The Apocalypse of East Palestine
The most dramatic photos from the train derailment in Ohio weren't taken by photojournalists.
The first time I saw this photo, I was suspicious. The ominous black mass hovering in the sky had to be from a catastrophe other than the train derailment in East Palestine, Ohio. I was wrong.
The photo, posted on Twitter at 6:07pm on February 6th by @dj23white, is real.
Then the Tweet was mysteriously deleted.
But days later, the photo went viral, amplified by @ArithmeticArra1 and @BillyM2k.
Colin Sullender, a postdoctoral researcher at the University of Texas, conducted a fascinating investigation of the photo. Using flight data and satellite imagery, Sullender determined it was most likely taken from Spirit Airlines 334. Sullender’s research prompted Snopes to update their story about the photo from “Unproven” to “True.”
Two other photos of the “controlled burning” taken from airplanes also confirmed the veracity of @dj23white’s image.
Jared McLuhan was traveling on American Airlines flight 1313 from Denver to Philadelphia on February 6th when he saw what he believed was a dark shadow on the clouds. “As the plane flew closer, I knew it was no shadow, but instead the result of something significant burning.” he told Newsweek.
McLuhan told me the time stamp on his photo was 4:45pm.

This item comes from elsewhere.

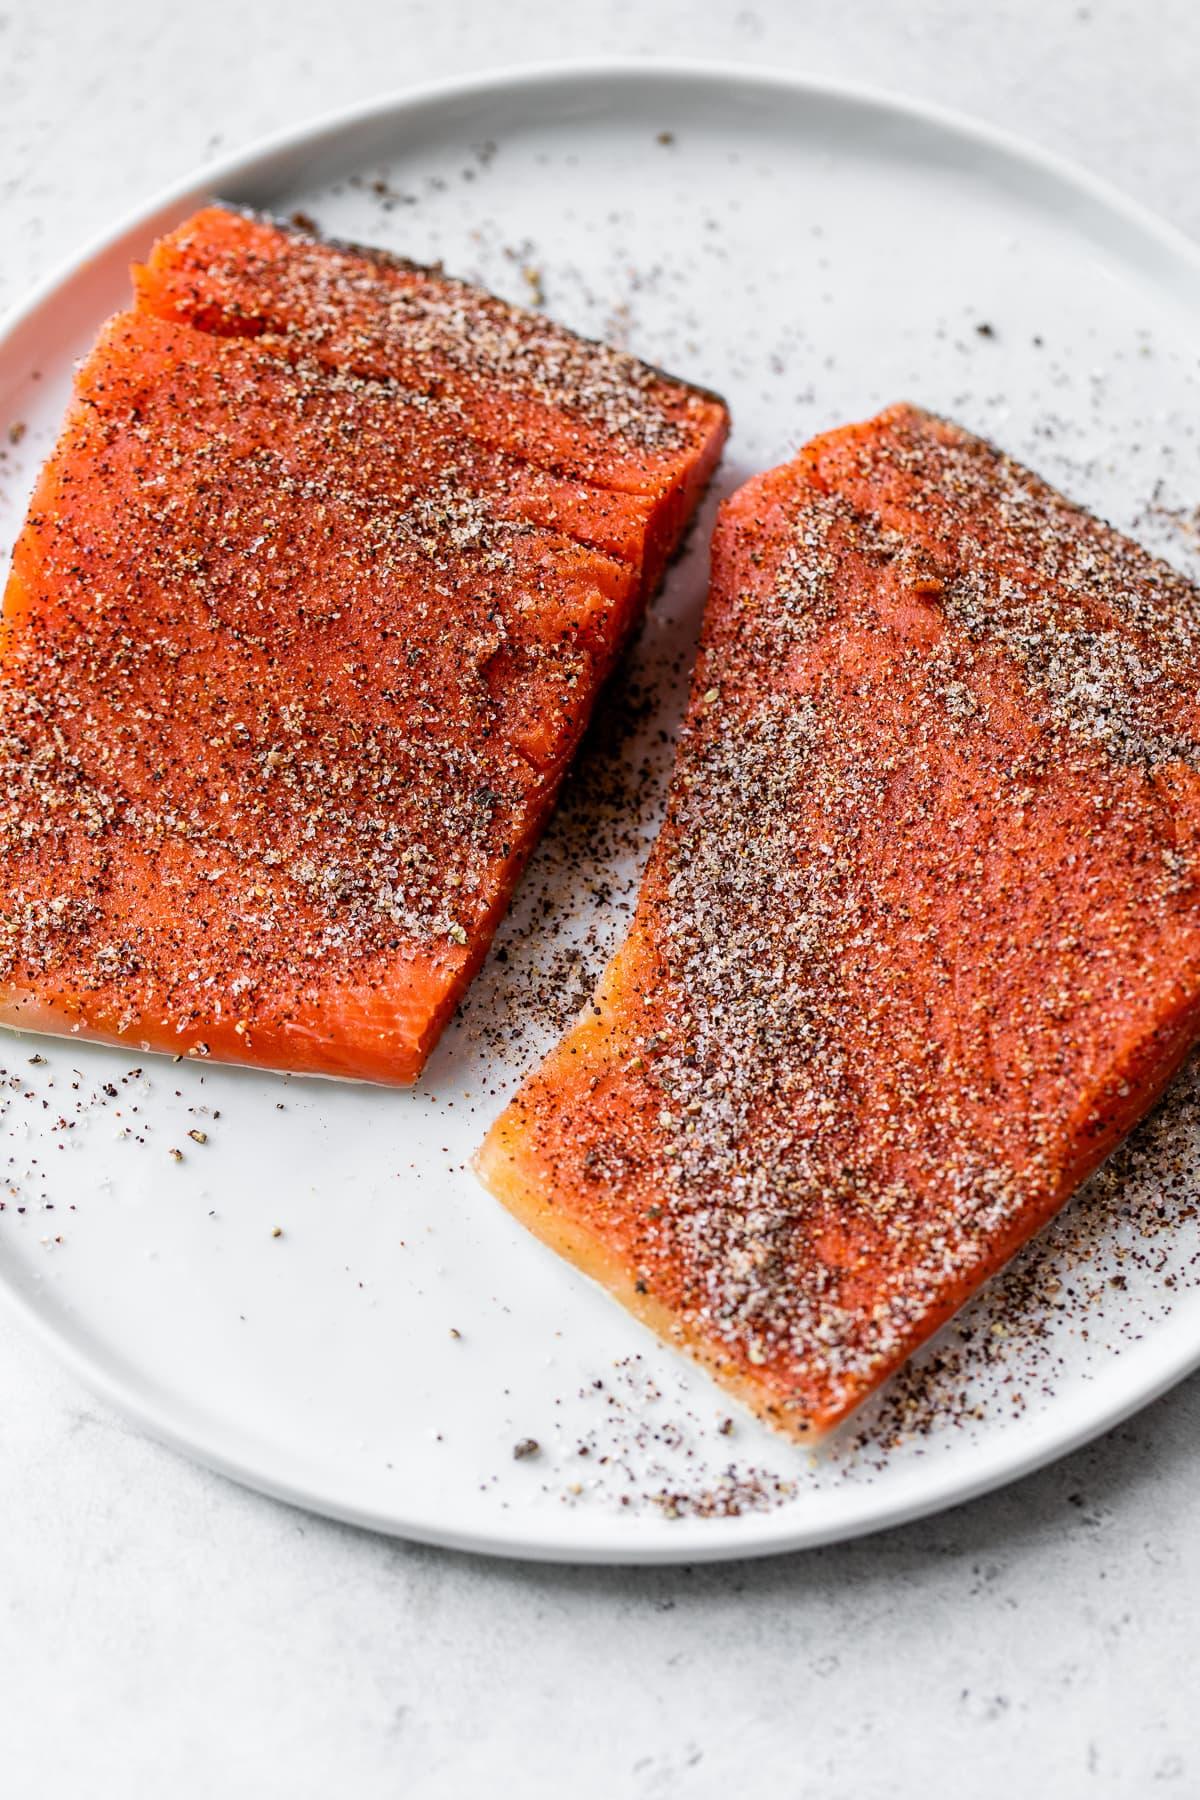 Salmon filets seasoned with a dry rub.
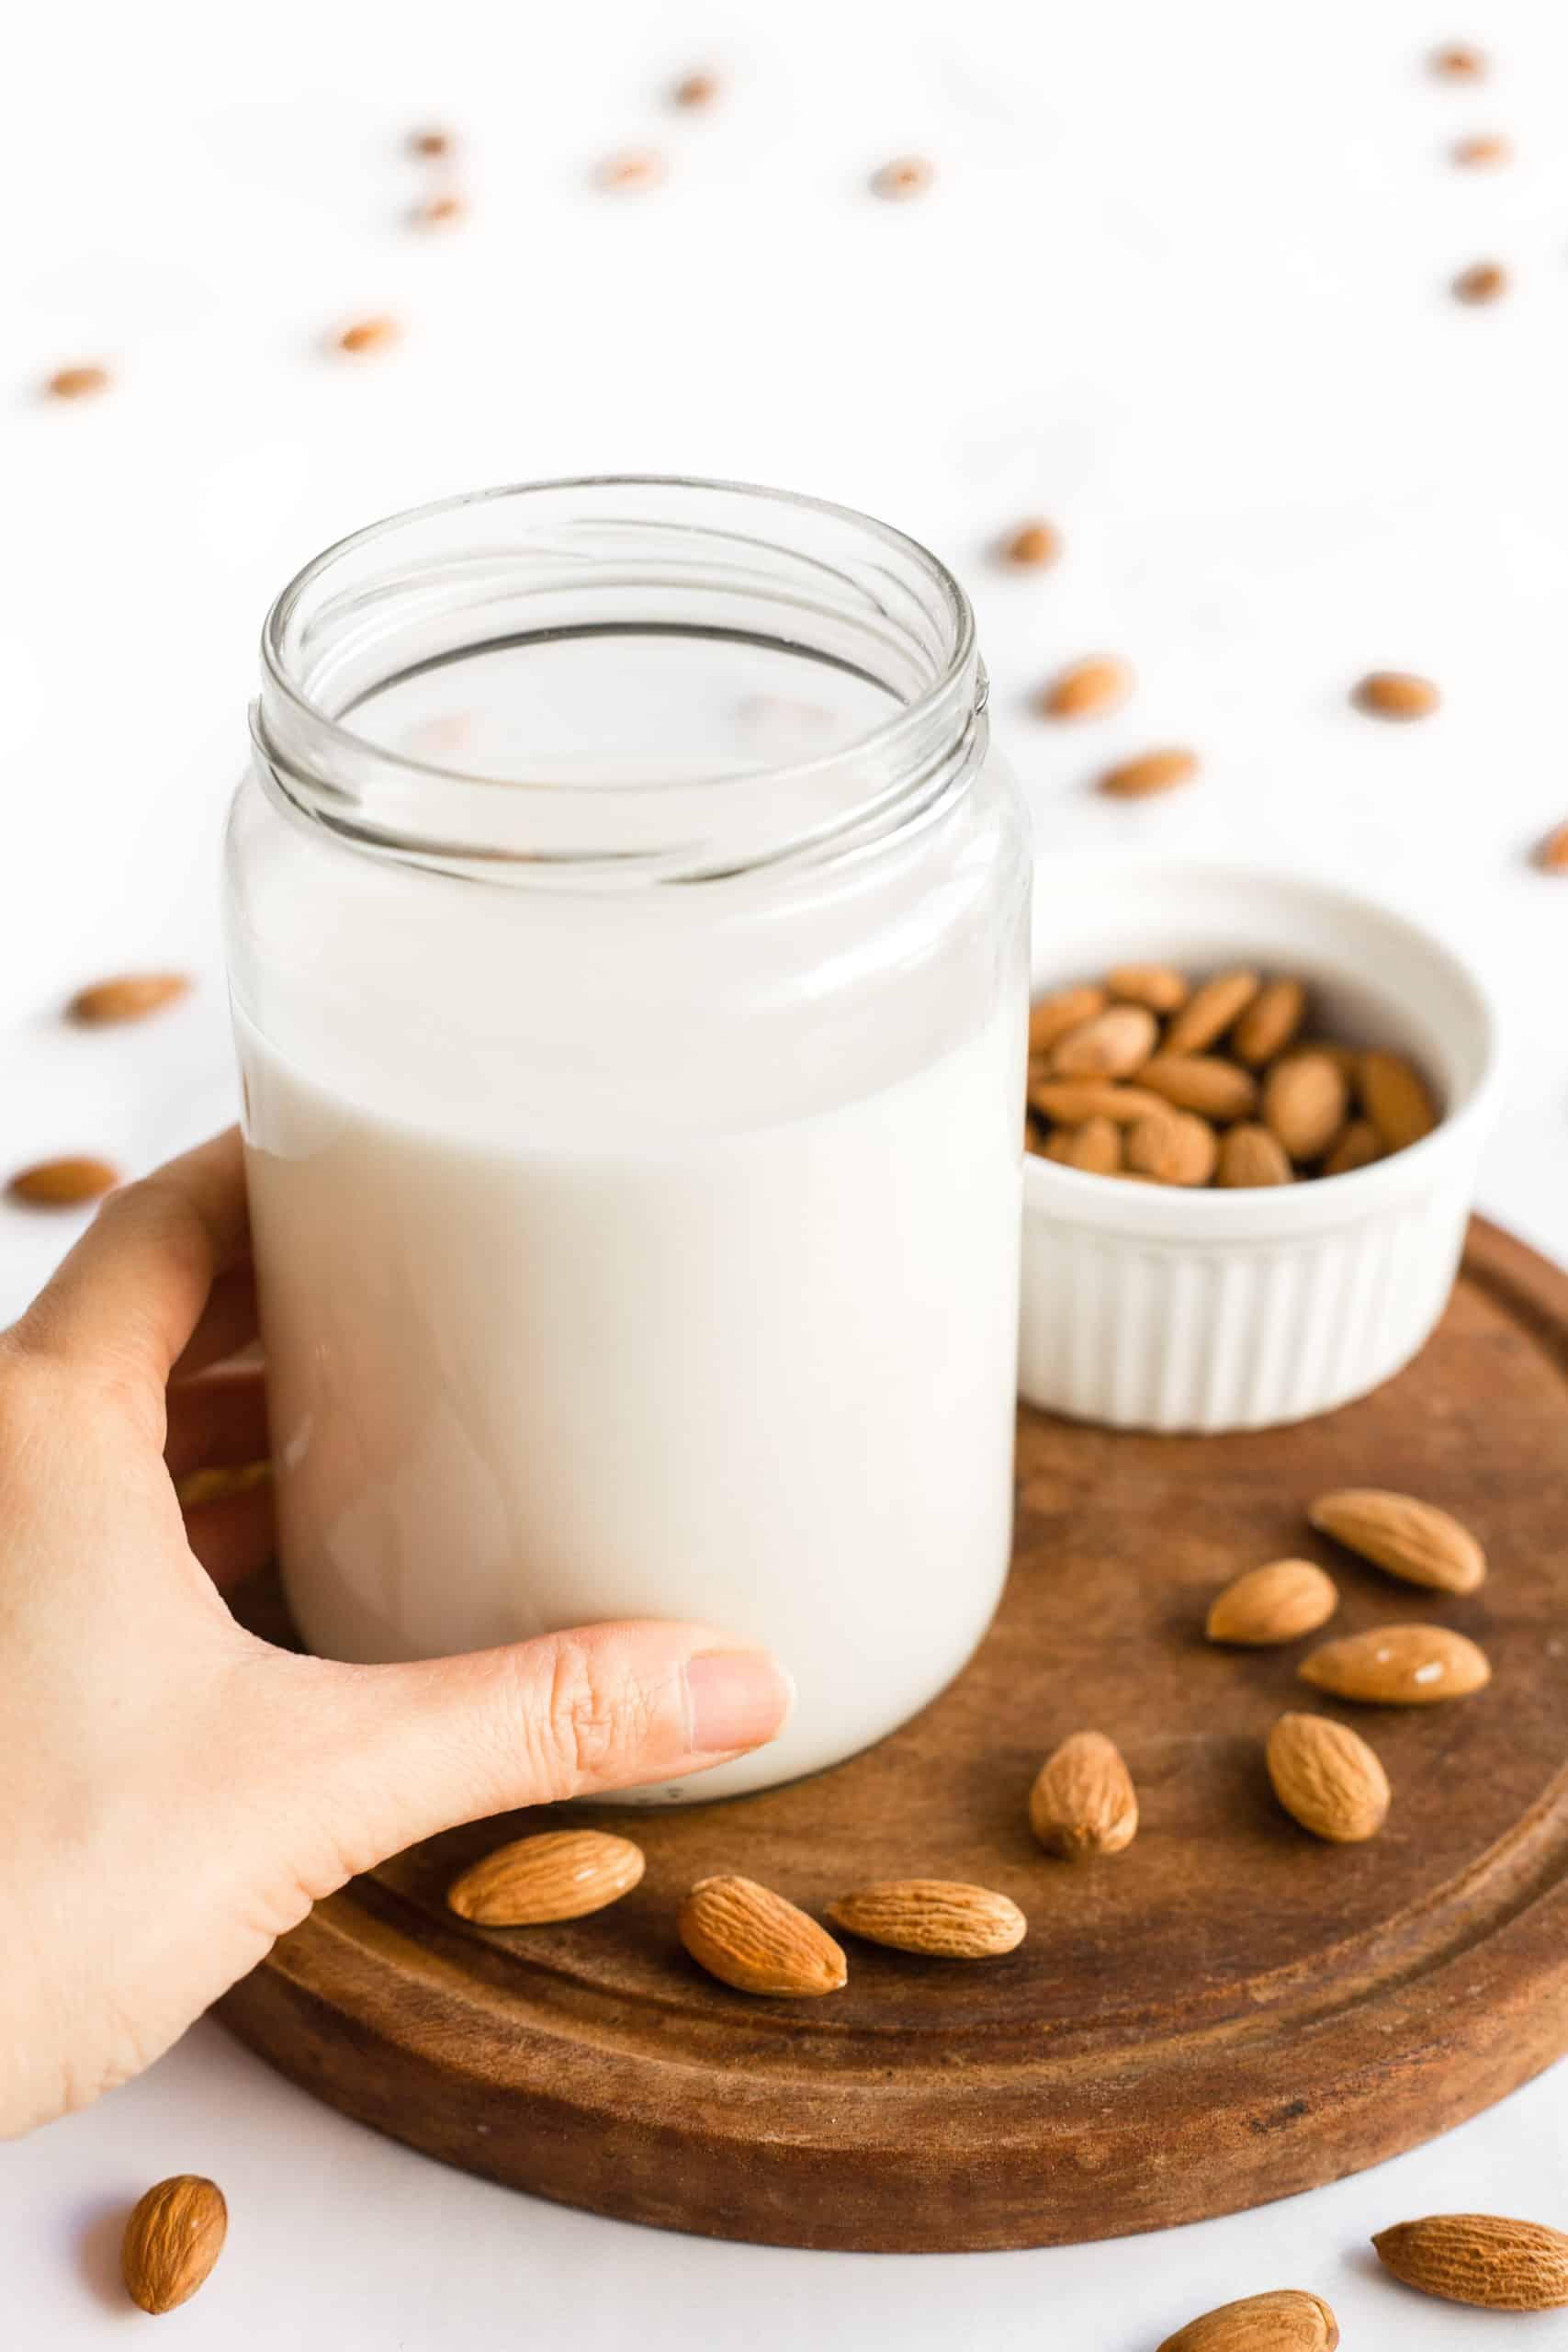 Hand holding a jar of homemade almond milk.

The other image taken from a plane was posted on Reddit by u/Burge_11. Sullender concluded that this photo was made “minutes before Spirit Airlines 334 passed by at a much lower altitude.”
One of the definitive images of the derailment was taken by East Palestine resident RJ Bobin with a drone. Bobin’s photo, first posted by his son on Facebook, captures an incredible sense of place and scale of the burning.
Bobin told me he heard several loud explosions around 4:40pm February 6th, then walked outside his home. “I was stopped in my tracks,” he said, “The shear size of the cloud going into the sky left my son Evan and I with our mouth's wide open.” Bobin made some photos with his iPhone then turned to his son, “I need to capture this with my drone.”
“It didn't seem real. The sheer size was intimidating. It seemed like anything but controlled,” Bobin said. “I landed the drone on my back deck in front of my dog and checked out the pics and video. I knew I had something special. I also knew I had to get my kids out of there as the cloud was increasing in size and being pushed down by a temperature inversion. My kids and I left for the night.”
Bobin’s photo was everywhere. Echoes of Chernobyl.
“This picture should be on the front page of every paper in America tomorrow morning,” @CitizenFreePres tweeted. Had Bobin’s photo been picked up by the wires on February 6th there’s a good chance it would have been. However, the fact it wasn’t being published by news organizations, but widely seen on every social media platform, fueled the false notion that the story was being ignored.
One of the earliest, and most eerie, photos of the derailment was taken by John Bibbee with an iPhone from his back porch in Darlington, PA on February 3rd.
“I’m about 2.3 miles from the wreck,” Bibbee told me. “The smell is overwhelming. It smells like pvc pipe or lacquer thinner.”